MULTIMODAL IDENTIFICATION OF NEUROBIOLOGICAL SUBTYPES ASSOCIATED WITH KETAMINE RESPONSE IN TREATMENT-RESISTANT DEPRESSION USING NETRAAI
Background
Ketamine has demonstrated rapid antidepressant effects in treatmentresistant depression (TRD), but its psychoactive properties complicate blinding and obscure identification of true biological response. Integrating multimodal clinical and neurobiological data may help resolve response heterogeneity and clarify ketamine’s mechanisms of action.
Methods
We reanalyzed data from a small, randomized, double-blind, placebo-controlled crossover Phase II trial of intravenous racemic ketamine (0.5 mg/kg) versus saline placebo in TRD (NCT00088699; n=33).
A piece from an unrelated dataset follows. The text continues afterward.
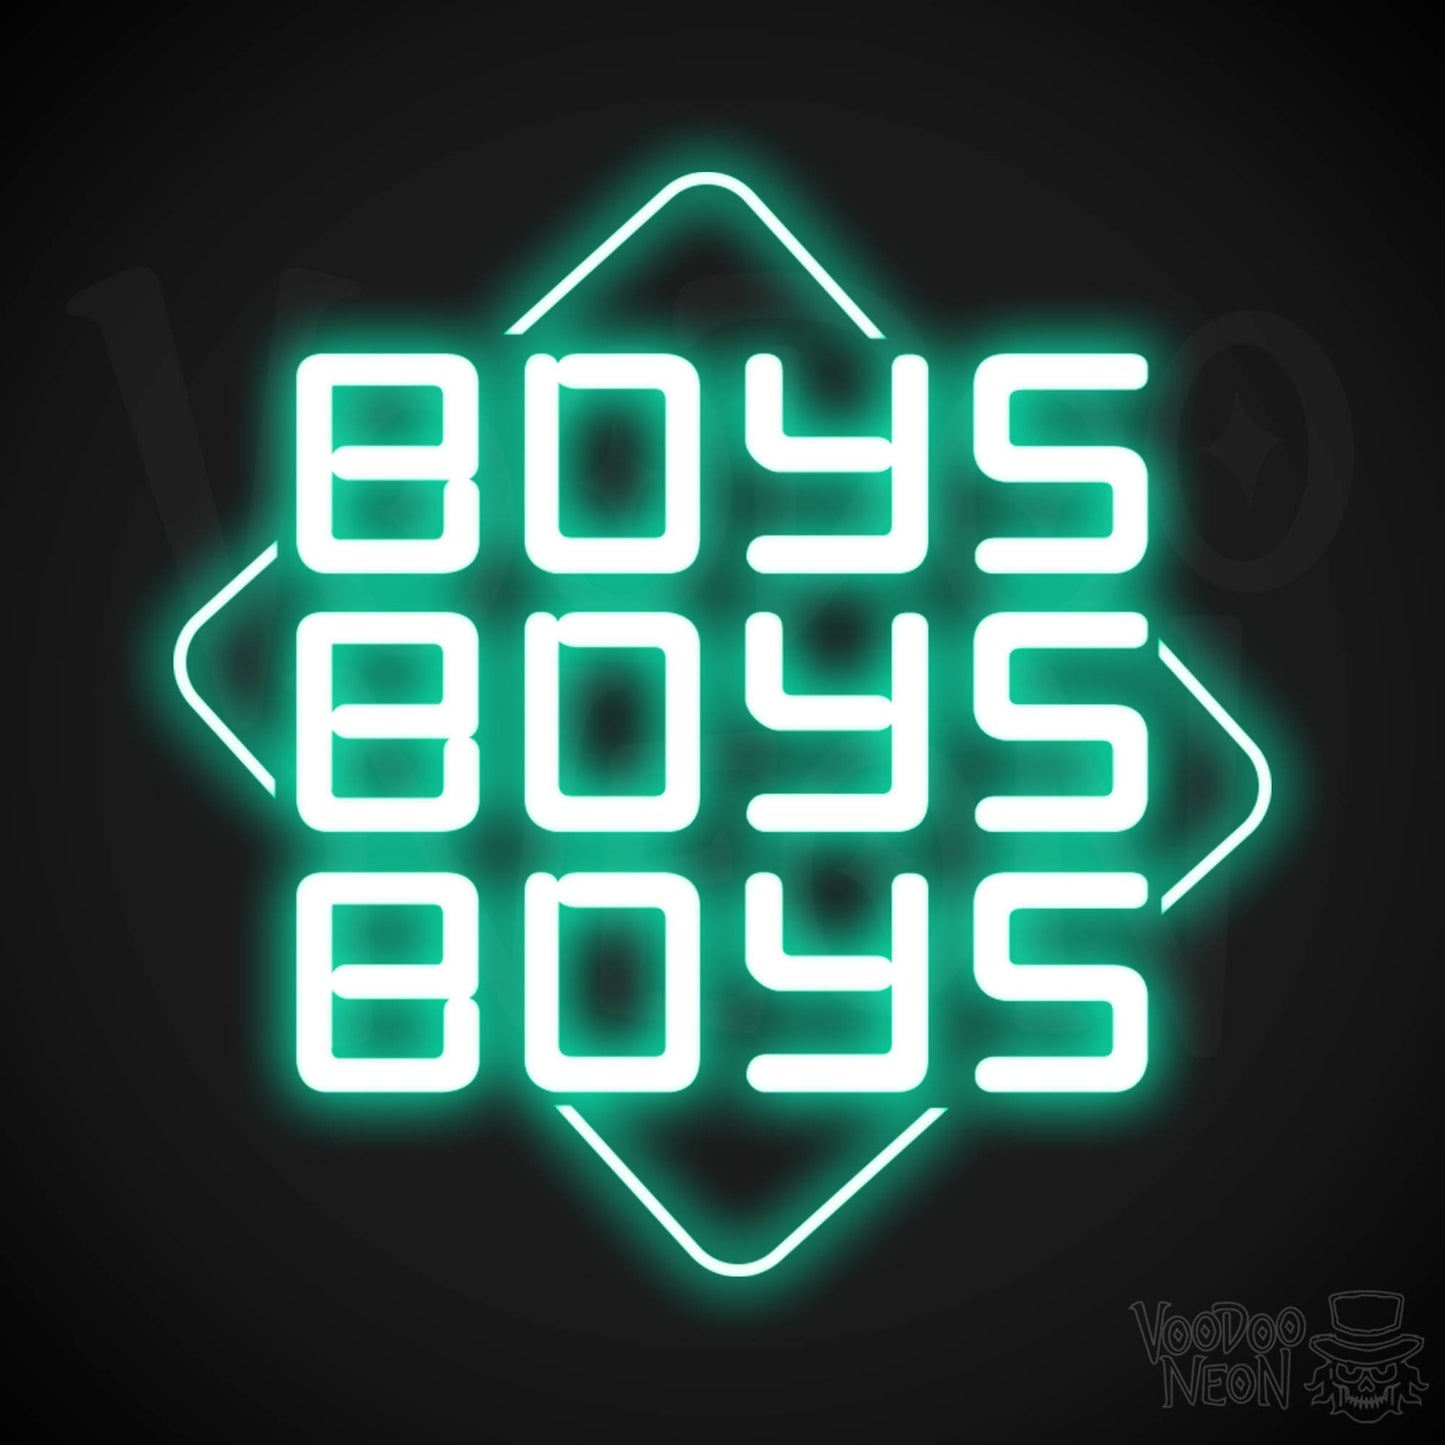 Boys Boys Boys Neon Sign - Neon Boys Boys Boys Sign - Neon Wall Art - Color Light Green

NetraAI, an explainable AI/ML framework designed to identify low-dimensional human-interpretable feature sets, was used to analyze and integrate baseline clinical symptom scales (e.g., MADRS, HAM-A, HAMD-17, BDI), physiological measures (e.g., BMI), volumetric structural MRI features, and resting-state MEG recordings. Due to the crossover design, participant data from both infusion sessions were pooled, yielding 63 analyzable cases (3 incomplete subject datasets were excluded). Pooling was performed to increase statistical power while preserving within-subject treatment labels; analyses focused on identifying stable subgroup structure rather than independent observations. Treatment response was defined as a ≥40% reduction in MADRS scores at Day 7. The NetraAI framework partitions the patient population into explainable and unexplainable subpopulations, focusing on identifying compact (2-4 variable), multimodal feature sets defining biologically coherent Model-Derived Subgroups (MDS).
Results
Multimodal integration revealed multiple internally consistent reproducible ketamine responder MDS characterized by convergent clinical, anatomical, and functional signatures. One MDS (p=0.028, Cohen’s d=2.11) integrated elevated emotional reactivity with reduced posterior cingulate and inferior parietal white matter volumes, implicating default mode network and emotional regulation circuitry consistent with ketamine’s glutamatergic modulation of largescale networks. Another MDS (p=0.047, Cohen’s d=1.33) combined cardiovascular anxiety symptoms with elevated isthmus cingulate and lingual grey matter volumes, suggesting altered interoceptive and autonomic processing within salience-related networks. The large effect sizes of these MDS indicate clinically meaningful separation of strong ketamine responders. Additional MDS incorporating MEG-derived variables were also identified.
Conclusions
Integrating clinical symptoms, physiological measures, structural neuroanatomy, and functional network dynamics identifies distinct neurobiological pathways associated with ketamine response in TRD. These findings demonstrate how NetraAI’s multimodal data integration can link symptom dimensions to brain circuitry, support biomarker-informed patient stratification and improve interpretability of ketamine trials. Findings should be interpreted in the context of modest sample size and crossover design but collectively support the potential of explainable multimodal approaches to advance precision psychopharmacology and trial enrichment strategies in neuropsychiatric drug development.